Accounting for physical barriers in insect pest modeling: A spatially explicit simulation-based approach

Understanding pest dynamics beyond greenhouse boundaries is critical for anticipating outbreaks and guiding sustainable management. Despite the central role of insect pest ecology in Integrated Pest Management, landscape-scale research on external greenhouse environments is limited. This knowledge gap constrains the development of spatially informed early-warning systems and green infrastructure to intercept pest movement. We introduce a spatially explicit simulation framework designed to model pest abundance in the peri-greenhouse landscape by integrating high-resolution data on greenhouse density, landscape structure, and resistance to pest dispersal. We used Barrier models to assess the comparative performance of cluster versus simple random sampling across varying spatial scenarios and sample sizes. Our results demonstrate that greenhouse spatial arrangement significantly mediates sampling efficiency. Cluster sampling consistently outperformed simple random sampling in scarcely and densely fragmented landscapes, reflecting its effectiveness in capturing strong spatial continuity. Crucially, in moderately dense landscapes, both methods showed comparable performance, suggesting that intermediate fragmentation disrupts the necessary spatial aggregation for cluster sampling's efficiency.
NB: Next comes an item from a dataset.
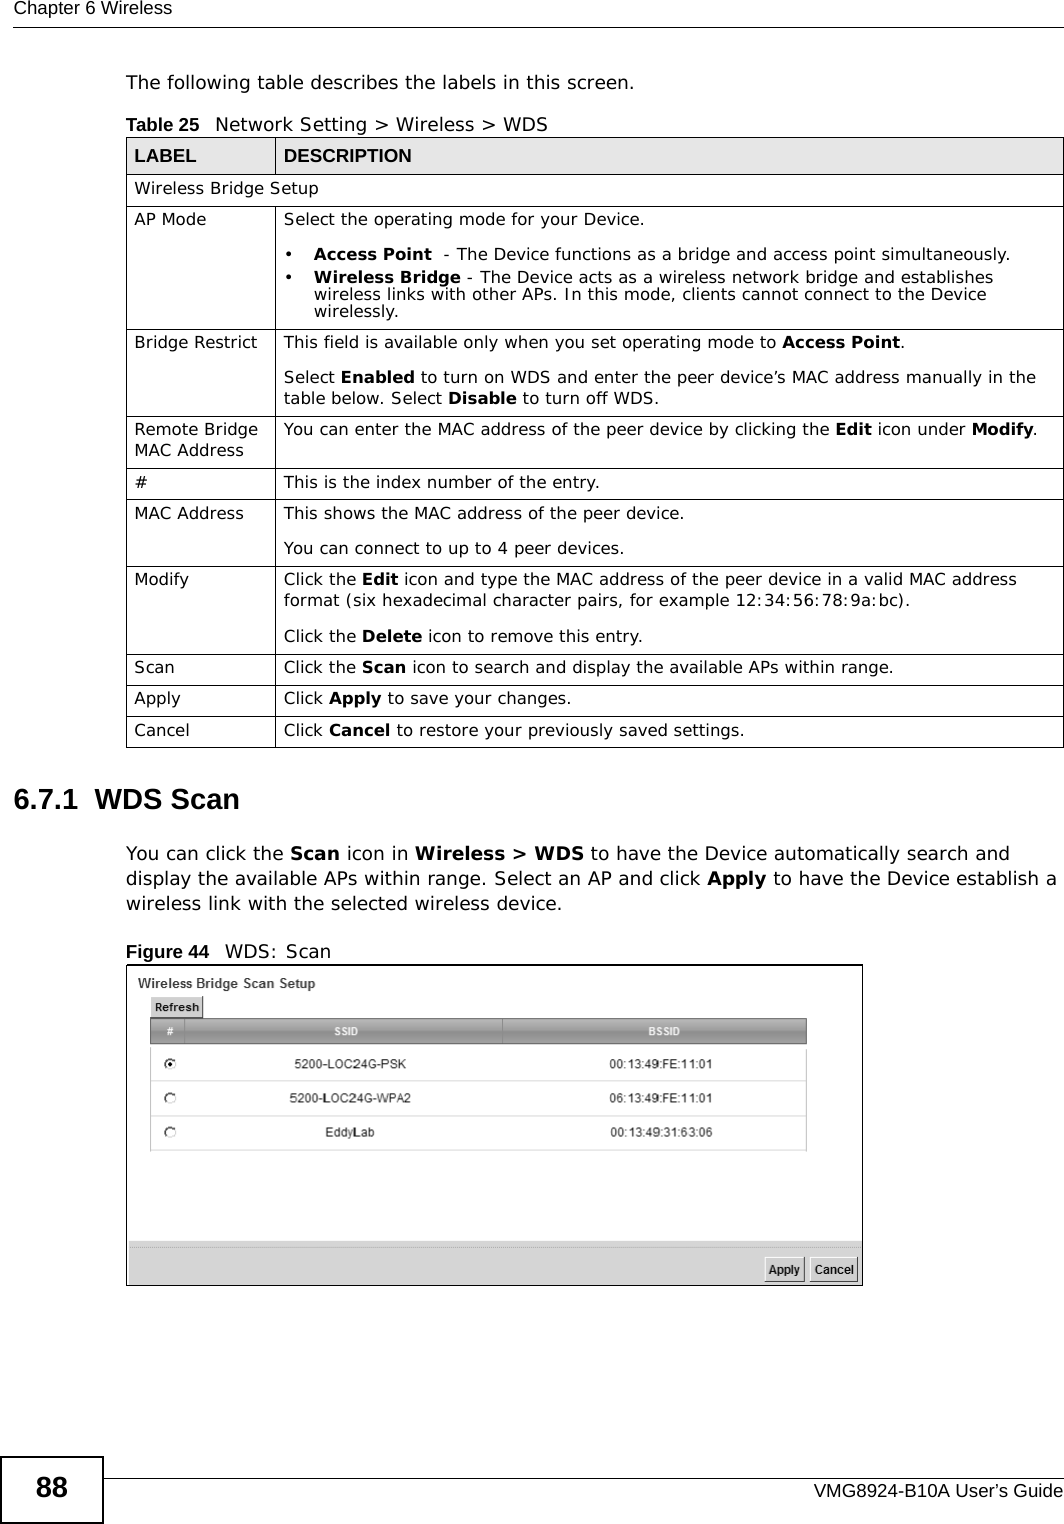 Chapter 6 WirelessVMG8924-B10A User’s Guide88The following table describes the labels in this screen.6.7.1  WDS ScanYou can click the Scan icon in Wireless &gt; WDS to have the Device automatically search and display the available APs within range. Select an AP and click Apply to have the Device establish a wireless link with the selected wireless device. Figure 44   WDS: ScanTable 25   Network Setting &gt; Wireless &gt; WDSLABEL DESCRIPTIONWireless Bridge SetupAP Mode Select the operating mode for your Device.•Access Point  - The Device functions as a bridge and access point simultaneously. •Wireless Bridge - The Device acts as a wireless network bridge and establishes wireless links with other APs. In this mode, clients cannot connect to the Device wirelessly.Bridge Restrict This field is available only when you set operating mode to Access Point.Select Enabled to turn on WDS and enter the peer device’s MAC address manually in the table below. Select Disable to turn off WDS.Remote Bridge MAC Address You can enter the MAC address of the peer device by clicking the Edit icon under Modify. # This is the index number of the entry.MAC Address This shows the MAC address of the peer device. You can connect to up to 4 peer devices.Modify Click the Edit icon and type the MAC address of the peer device in a valid MAC address format (six hexadecimal character pairs, for example 12:34:56:78:9a:bc).Click the Delete icon to remove this entry.Scan Click the Scan icon to search and display the available APs within range.Apply Click Apply to save your changes.Cancel Click Cancel to restore your previously saved settings.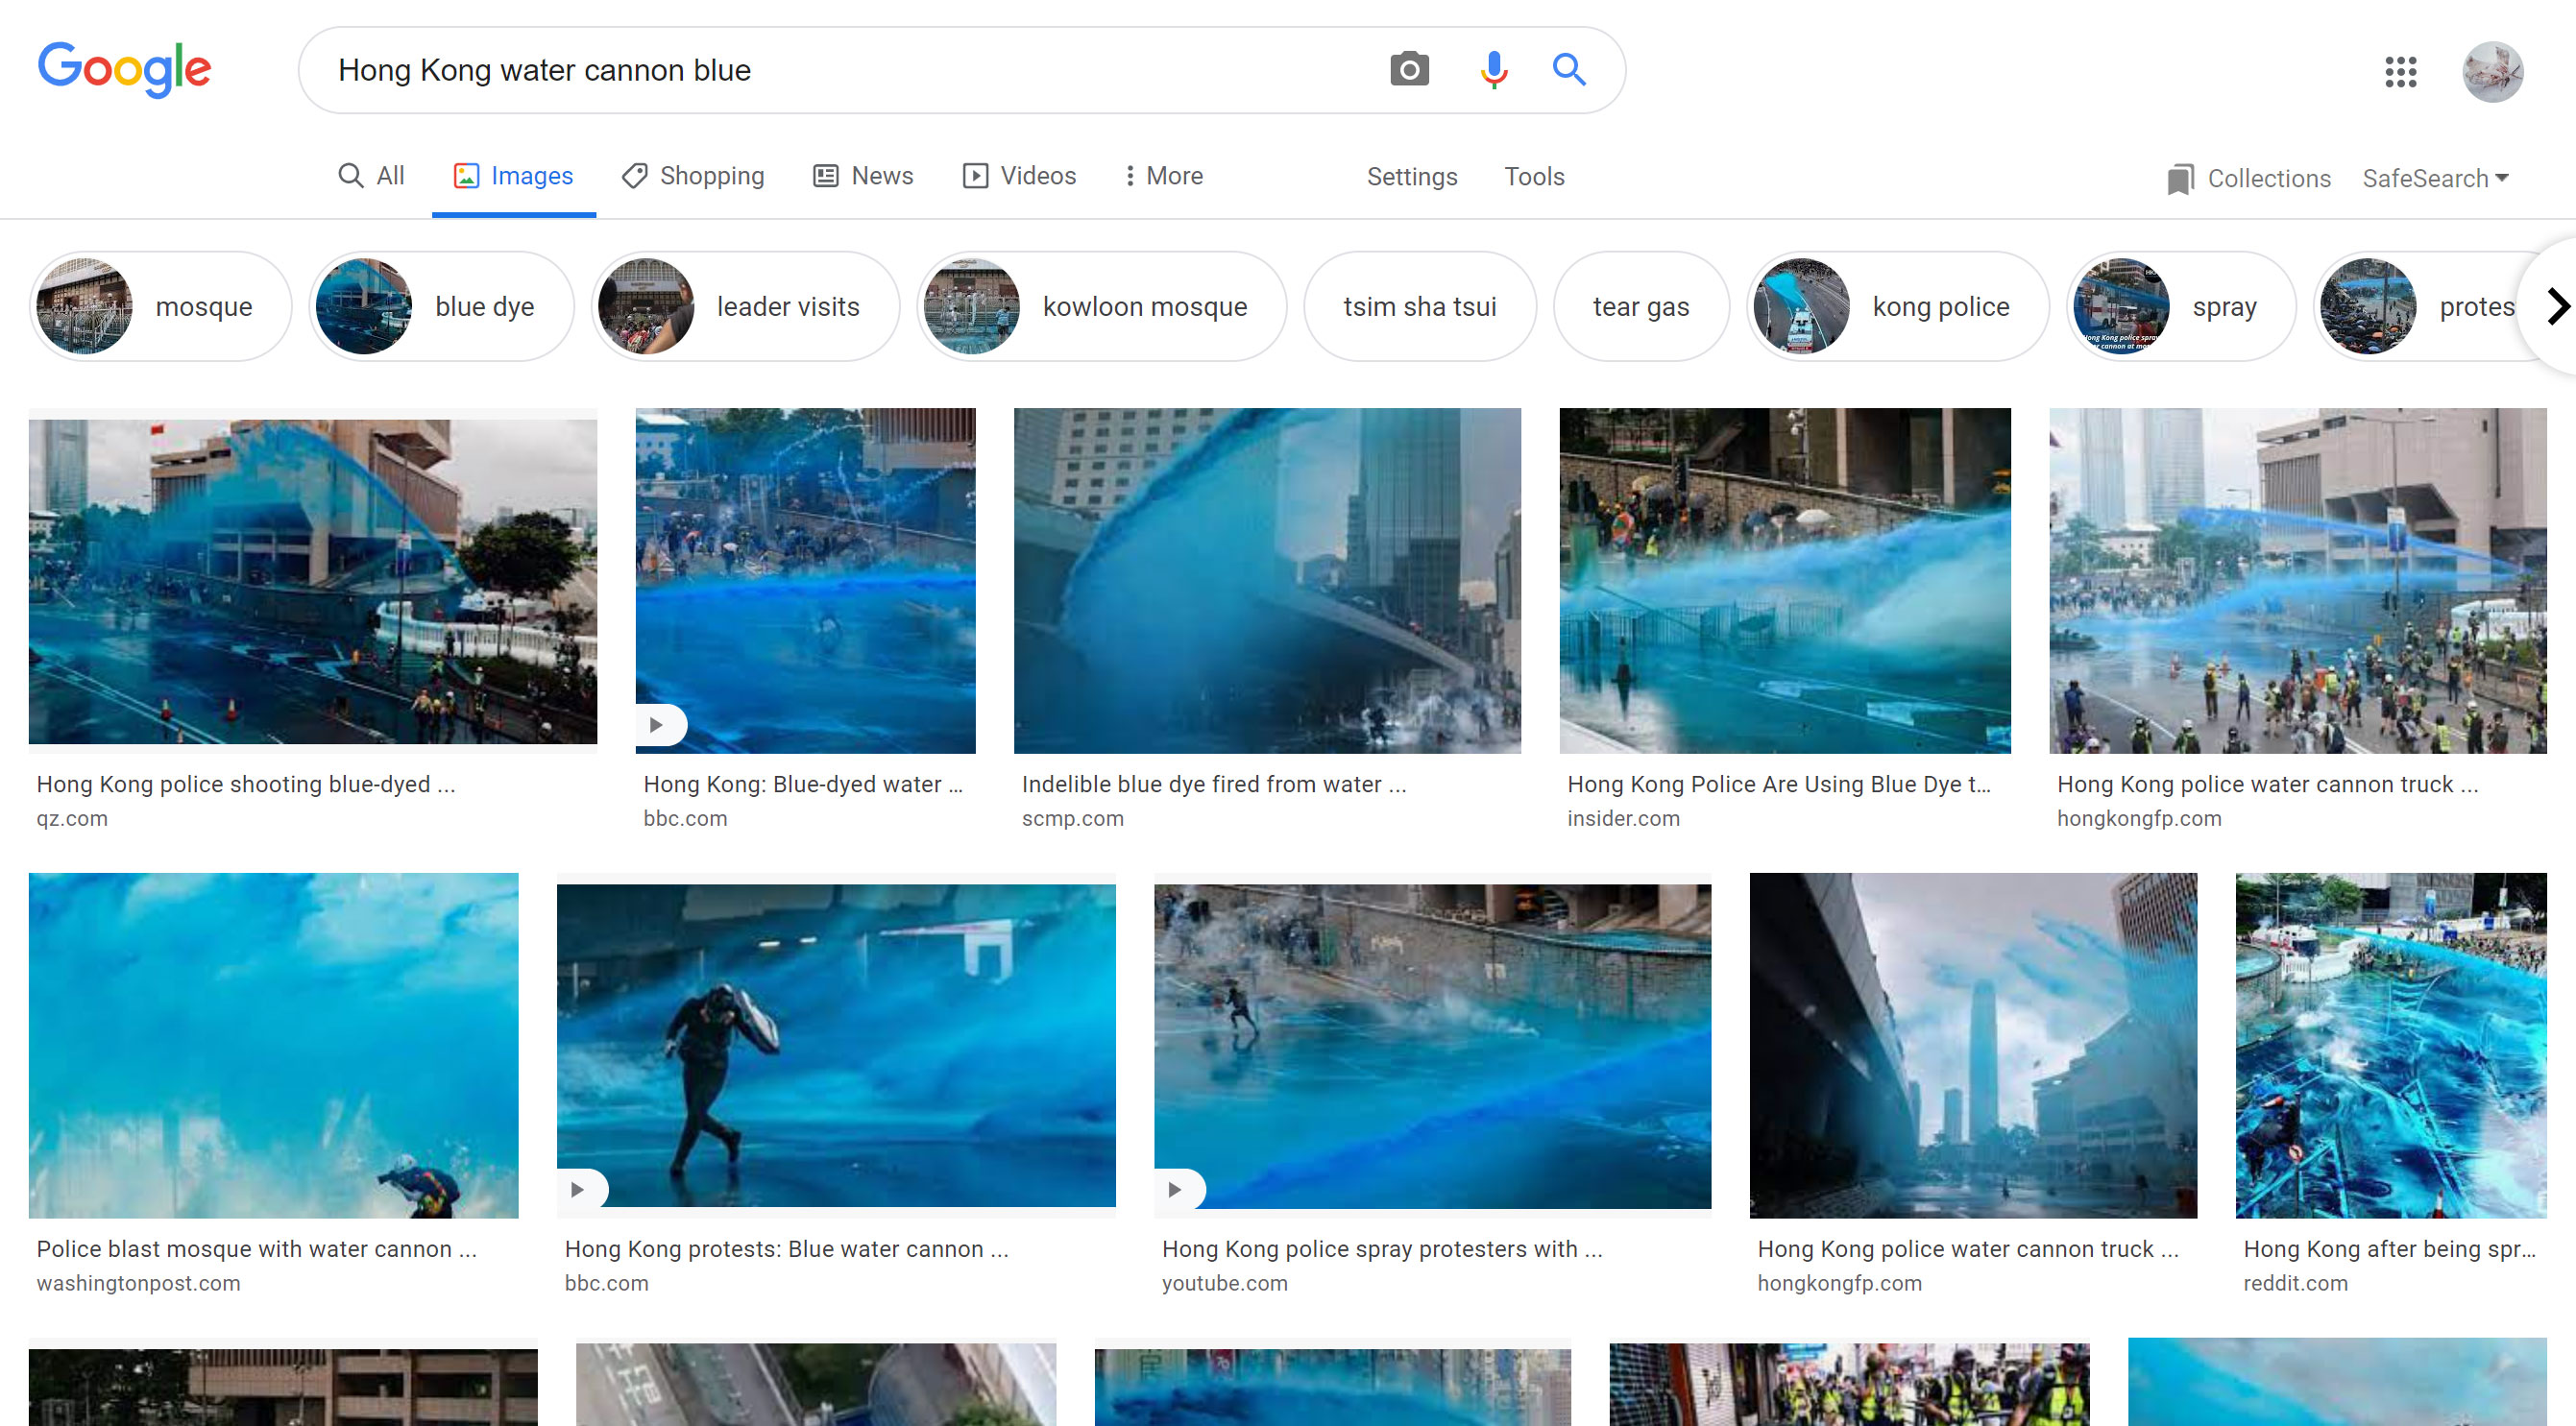 Google image search of “Hong Kong water cannon blue”

These findings highlight the necessity of matching sampling design to spatial landscape features and pest management goals. The proposed framework is a customizable and scalable tool for simulating pest dynamics and optimizing field monitoring strategies. By bridging geostatistical modeling and ecological simulation, it provides a transferable workflow that advances landscape-scale ecological modeling and supports the design of adaptive pest management strategies. It strengthens the integration of ecological informatics into decision-making by enabling scenario testing under diverse spatial configurations, offering practical insights for spatially informed early-warning systems in agricultural landscapes. • A spatially explicit simulation framework models pest spread in greenhouse landscapes. • The model includes greenhouse layout and dispersal resistance at high resolution. • Two sampling strategies are evaluated under diverse pest and landscape scenarios. • Cluster sampling outperforms when pest aggregation and spatial barriers align. • The model informs scalable pest control planning across complex landscapes.